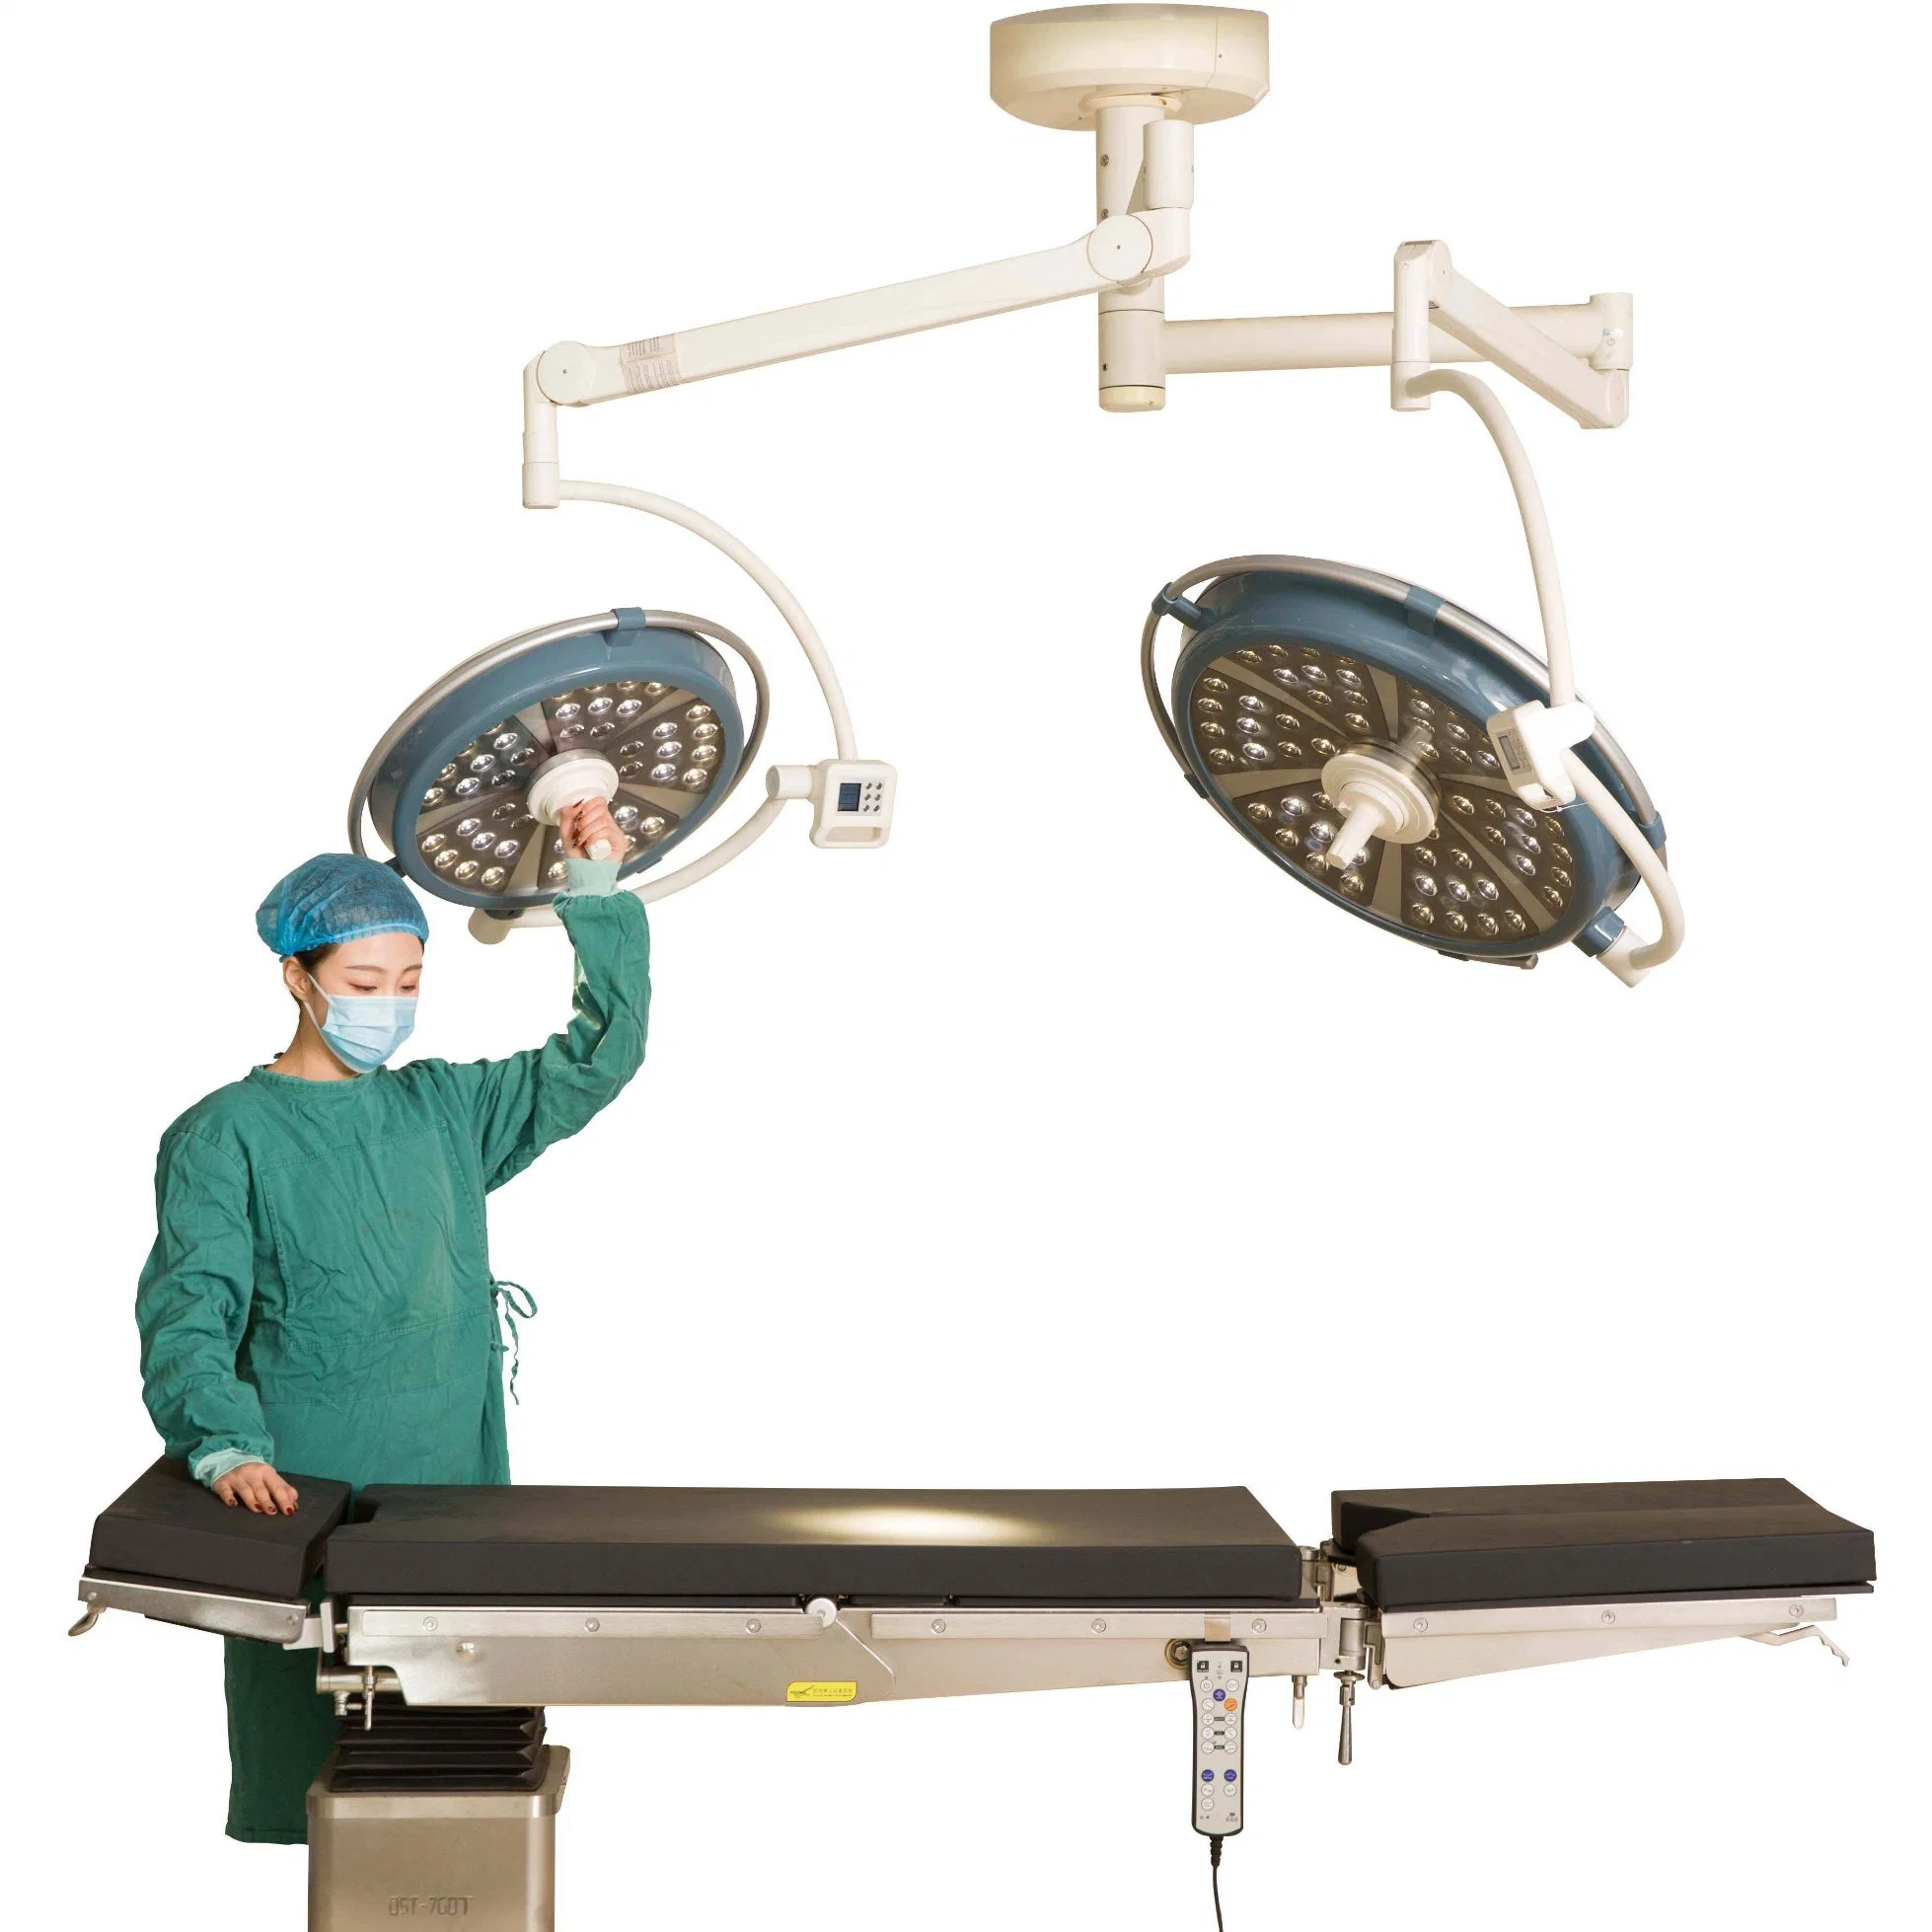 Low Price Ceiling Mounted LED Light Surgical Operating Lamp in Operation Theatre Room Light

--

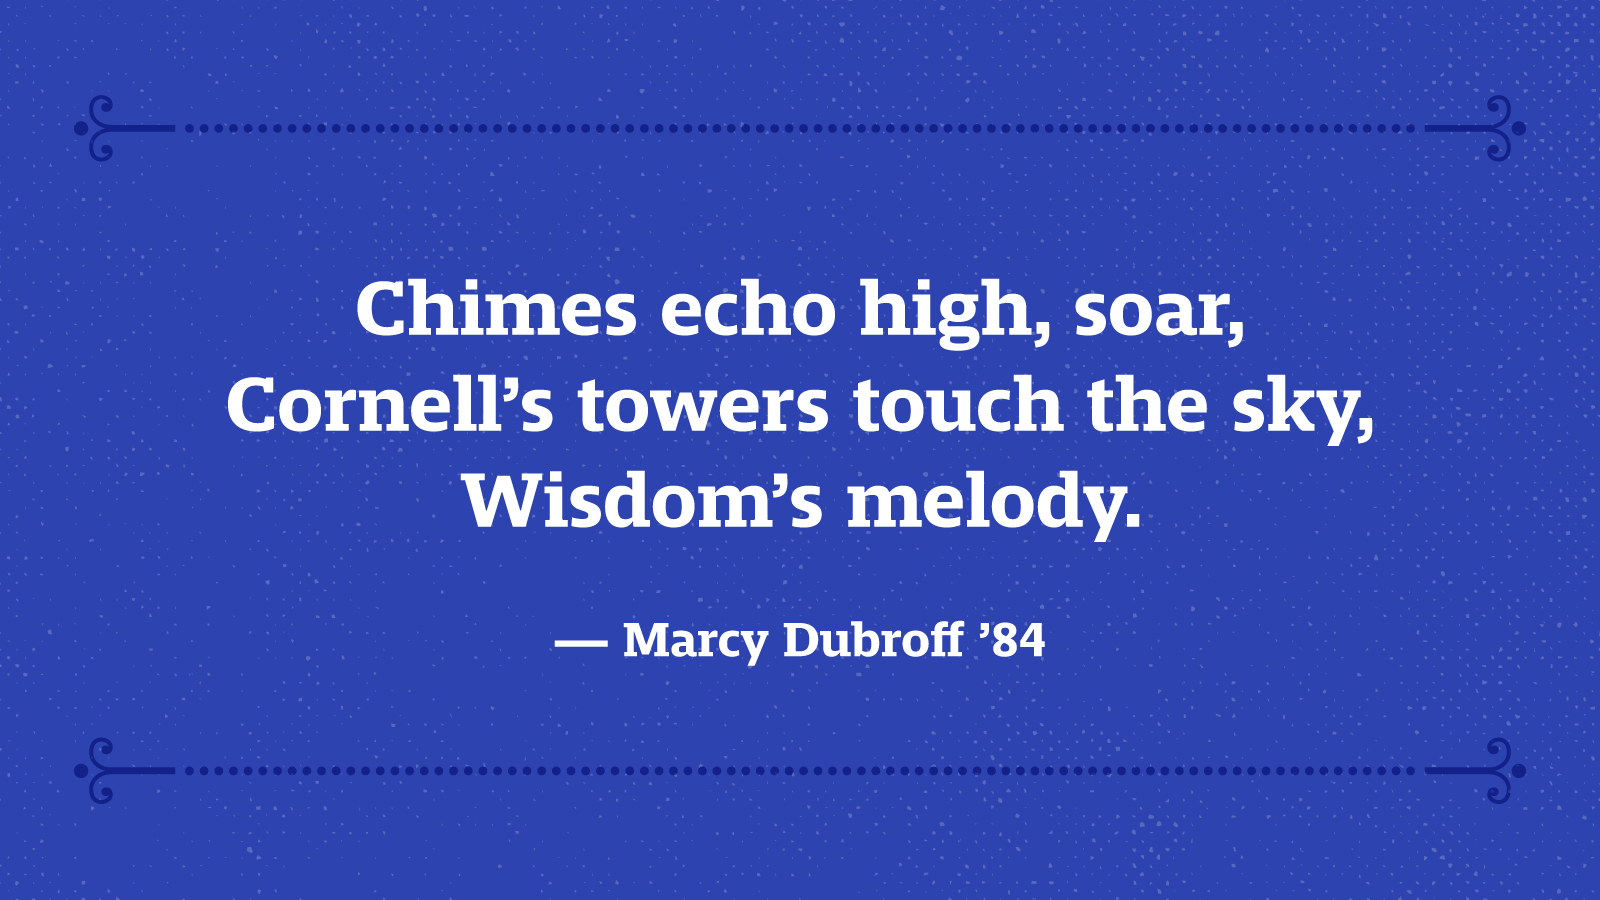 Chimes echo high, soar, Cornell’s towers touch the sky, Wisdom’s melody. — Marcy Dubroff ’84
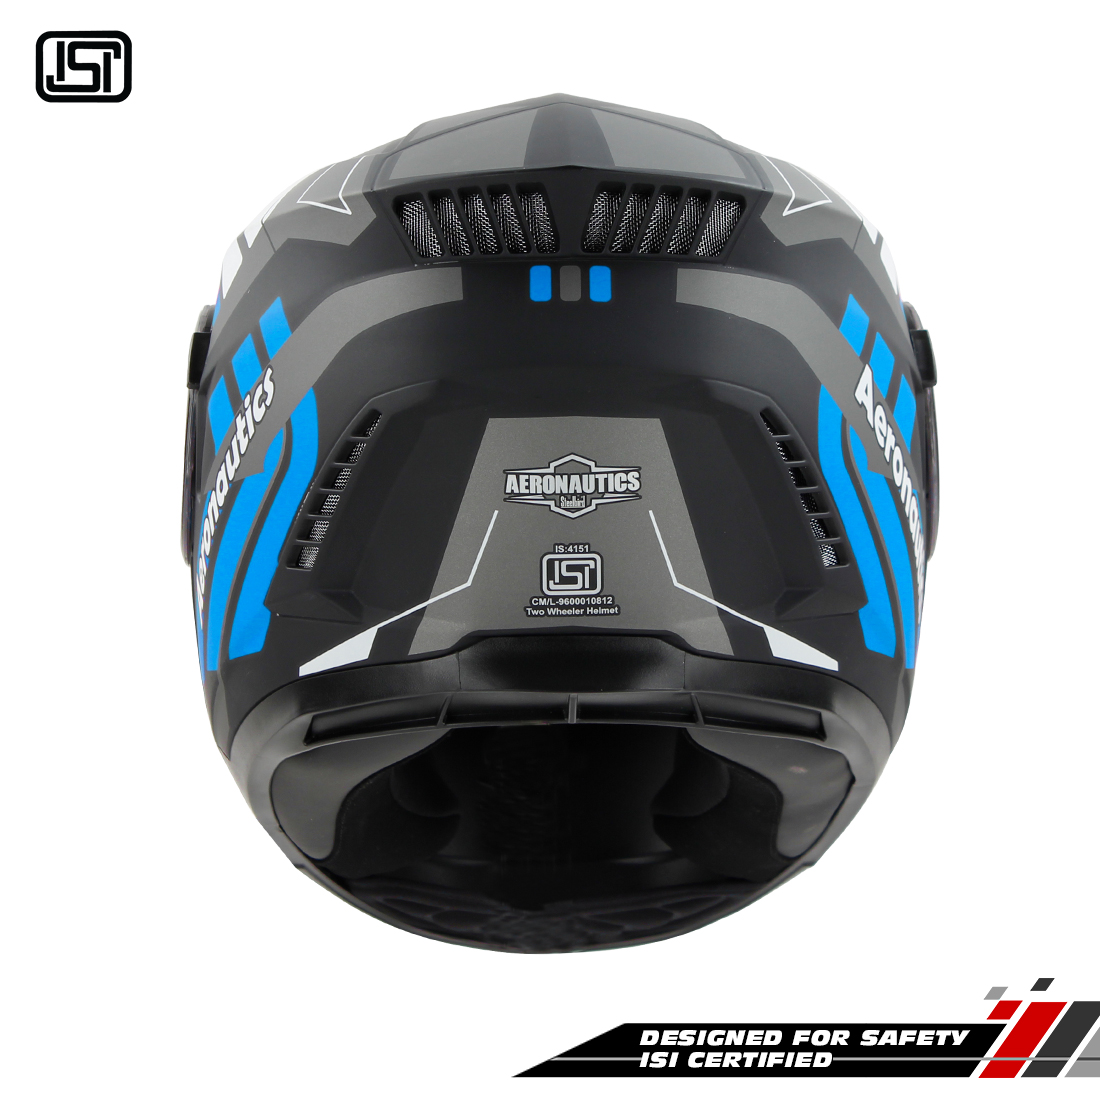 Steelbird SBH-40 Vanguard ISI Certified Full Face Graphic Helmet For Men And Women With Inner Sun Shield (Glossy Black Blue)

- TASK GOAL -
Using the data above, set down each line from the line with "Chimes echo high, soar, Cornell’s" to the line with "Steelbird SBH-40 Vanguard" exactly, both ends included, and leave the pictures behind. Nothing else belongs.

- EXERCISE SOLUTION -
 Chimes echo high, soar, Cornell’s towers touch the sky, Wisdom’s melody. — Marcy Dubroff ’84
 Steelbird SBH-40 Vanguard ISI Certified Full Face Graphic Helmet For Men And Women With Inner Sun Shield (Glossy Black Blue)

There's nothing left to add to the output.